Kyogle bryophilus

Scientific classification
- Domain: Eukaryota
- Kingdom: Animalia
- Phylum: Arthropoda
- Class: Insecta
- Order: Coleoptera
- Suborder: Polyphaga
- Infraorder: Staphyliniformia
- Family: Staphylinidae
- Genus: Kyogle
- Species: K. bryophilus
- Binomial name: Kyogle bryophilus (Arthur Mills Lea, 1911)
- Synonyms: Euplectops bryophilus Lea, 1911

= Kyogle bryophilus =

- Authority: (Arthur Mills Lea, 1911)
- Synonyms: Euplectops bryophilus Lea, 1911

Insect species

Kyogle bryophilus is a beetle in the Staphylinidae family, native to Tasmania.

It was first described by Arthur Mills Lea in 1911 as Euplectops bryophilus, from male and female specimens collected in Tasmania, from near Hobart and New Norfolk.
==Description==
Lea described Euplectops bryophilus as:
(Male) reddish-castaneous, appendages somewhat paler. Moderately densely clothed with rather long, pale pubescence, with a few longer hairs scattered about. Head with a deep curved impression, the ends of which appear as interocular foveae, base obtusely notched; antennary tubercles fairly large but obtuse. Antennae as in the preceding species, except that the eleventh joint is rather more pointed. Prothorax somewhat depressed, sides evenly and rather strongly rounded; with a fairly deep and wide impression close to base; with three longitudinal impressions, of which the lateral ones are short and each terminates in a foveate expansion of the basal impression; the median impression is very feeble, and invisible from most directions. Elytra moderately convex, rather longer than usual; with eight small basal foveae; dorsal striae generally traceable to about middle, but distinct only at base; punctures more or less concealed. Abdomen with node absent or concealed; under surface feebly flattened along middle. Metasternum shallowly impressed along middle. Front trochanters obtusely dentate. Length 1mm.

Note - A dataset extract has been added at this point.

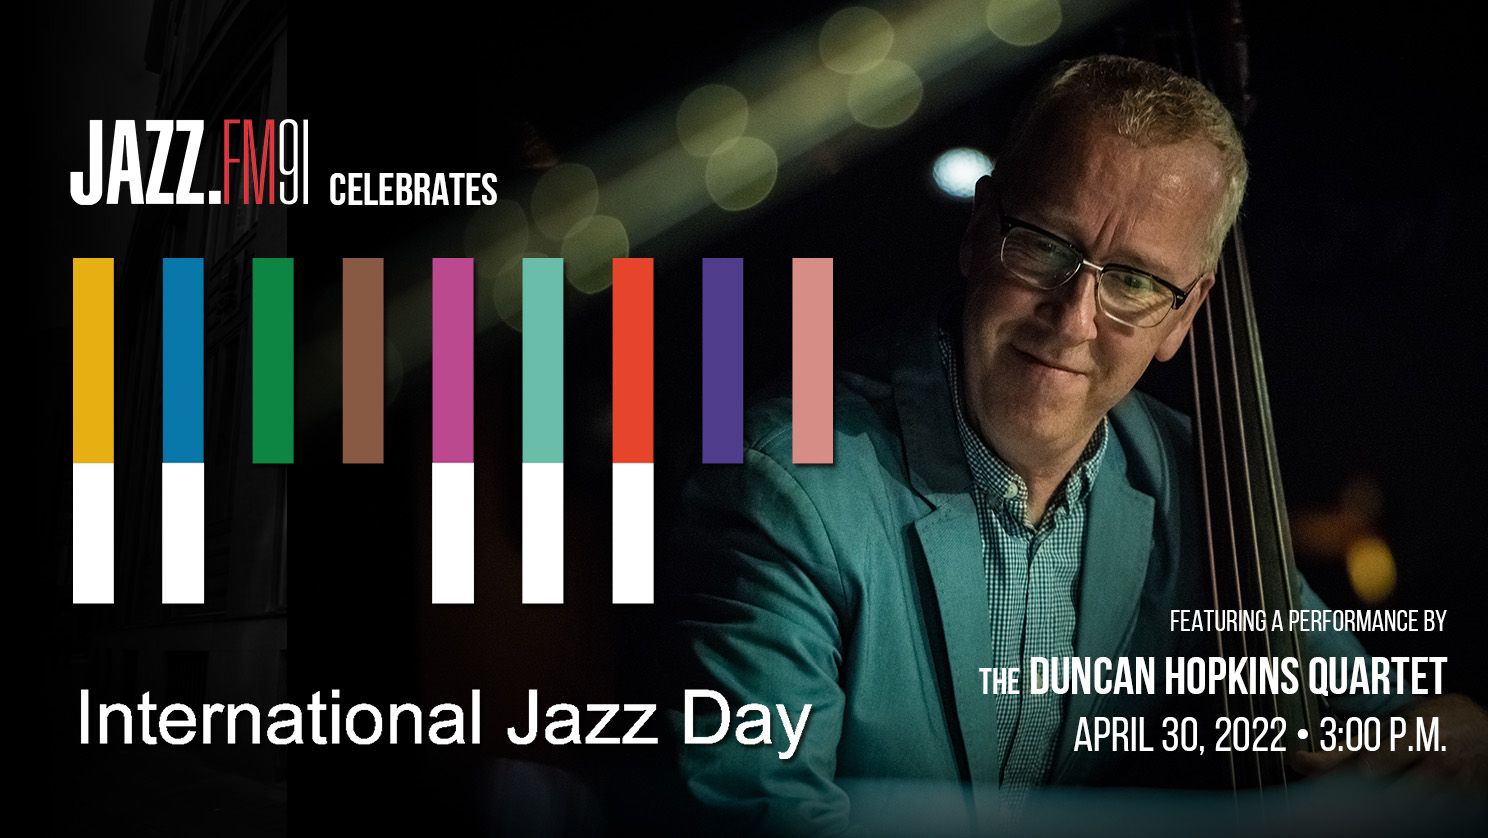 JAZZ.FM91 celebrates International Jazz Day with the Duncan Hopkins Quartet
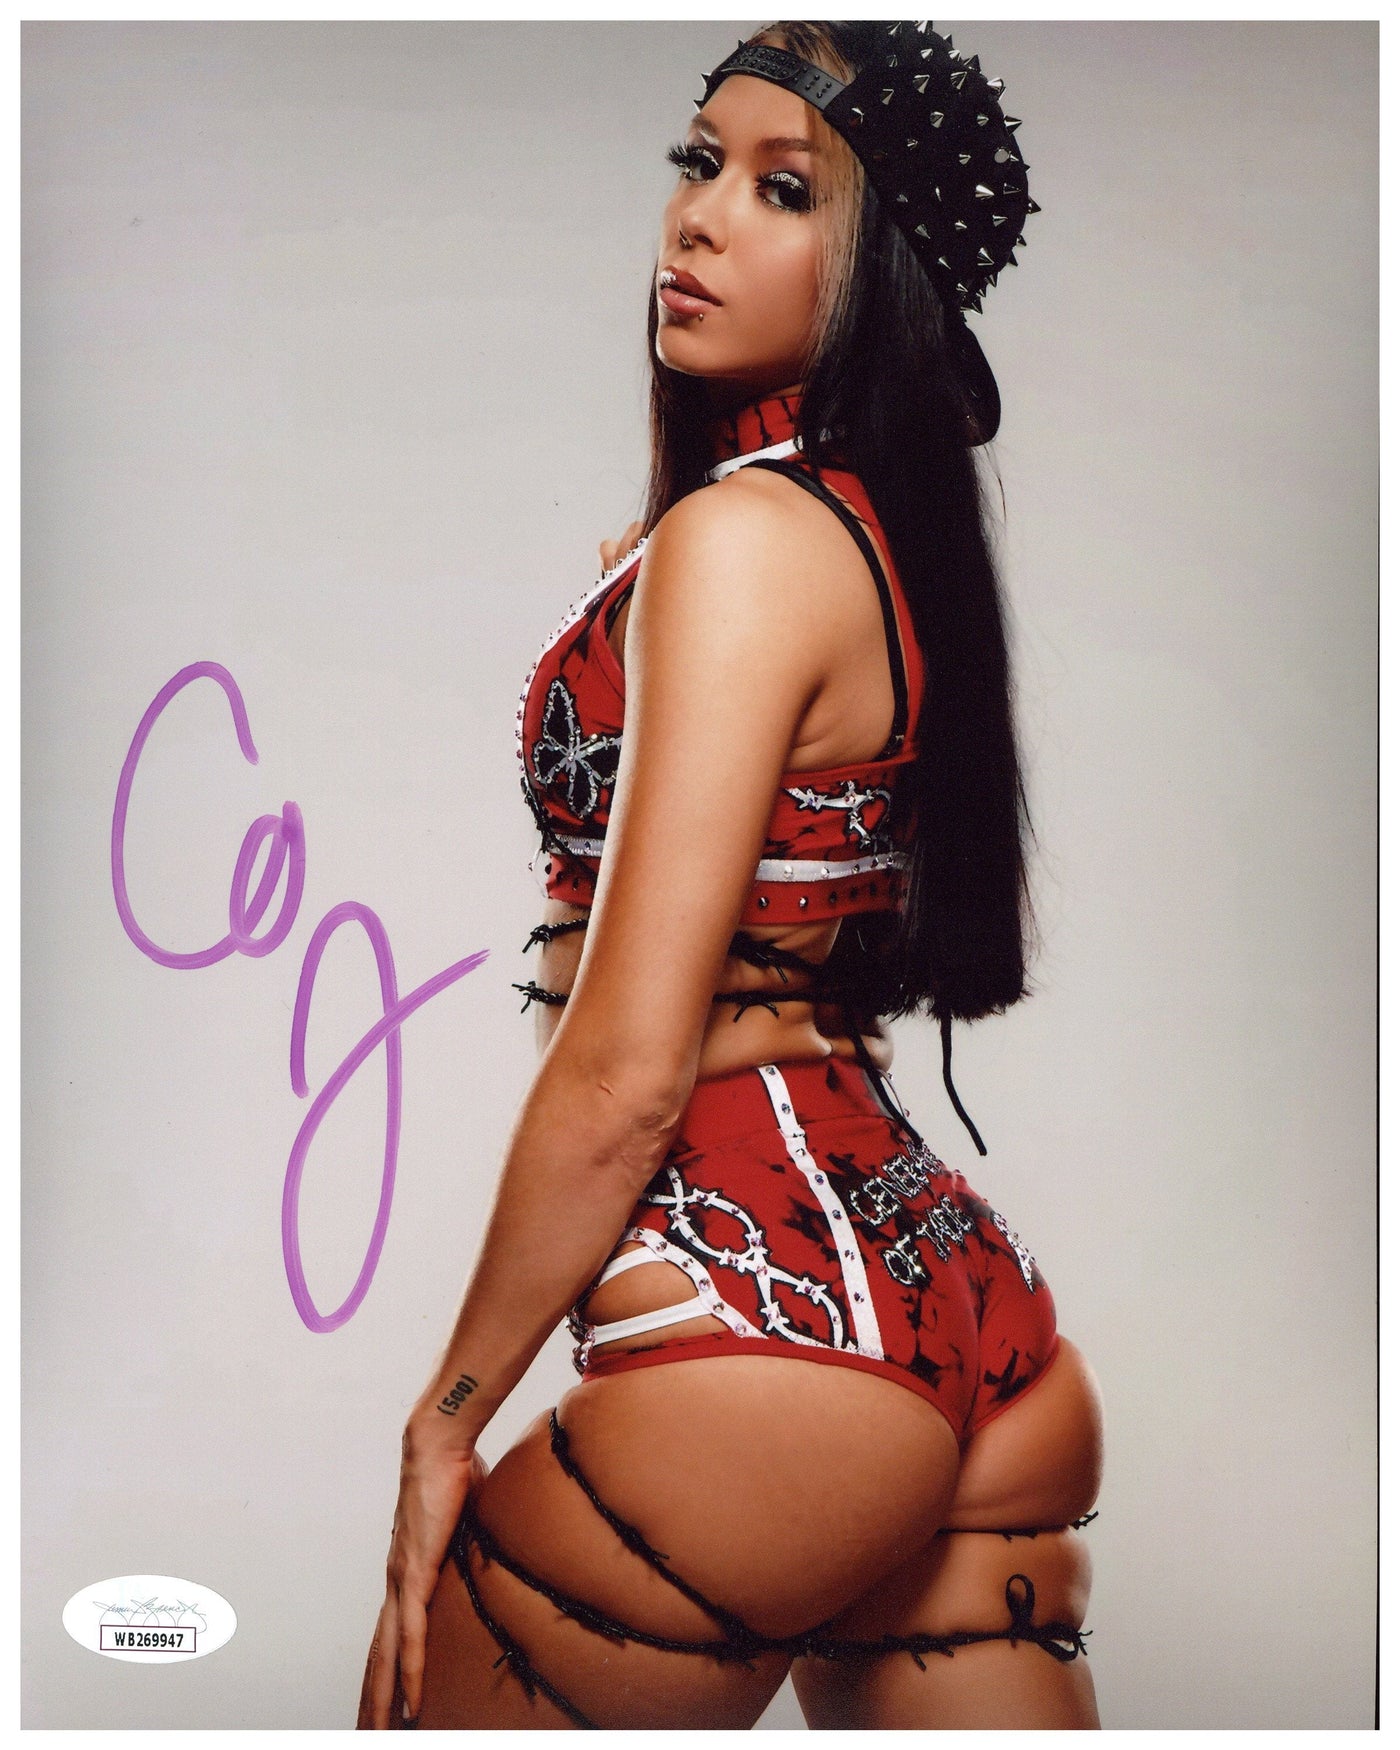 Cora Jade Signed 8x10 Photo WWE NXT Pro Wrestling Autographed JSA COA

(female) Differs in having the antennae thinner, cephalic impressions less pronounced, metasternum and abdomen rather strongly convex along middle, and trochanters unarmed.

Hab. — Tasmania: Waratah, Hobart, New Norfolk; in all cases in moss(A. M. Lea).

In general appearance very close to the preceding species, except that it is smaller, but with the median line scarcely (on some specimens not at all) visible, and terminal joint of antennae even more pointed. The disc of each elytron, as in most species parts appear in two almost semicircular lobes. On an occasional specimen the eleventh joint appears as a rather elongated triangle, its apex is strongly produced, in the male especially, and as it is usually terminated by a pencil of hairs, it appears to be considerably longer than it really is. The subsutural striae are rather less distinct than usual.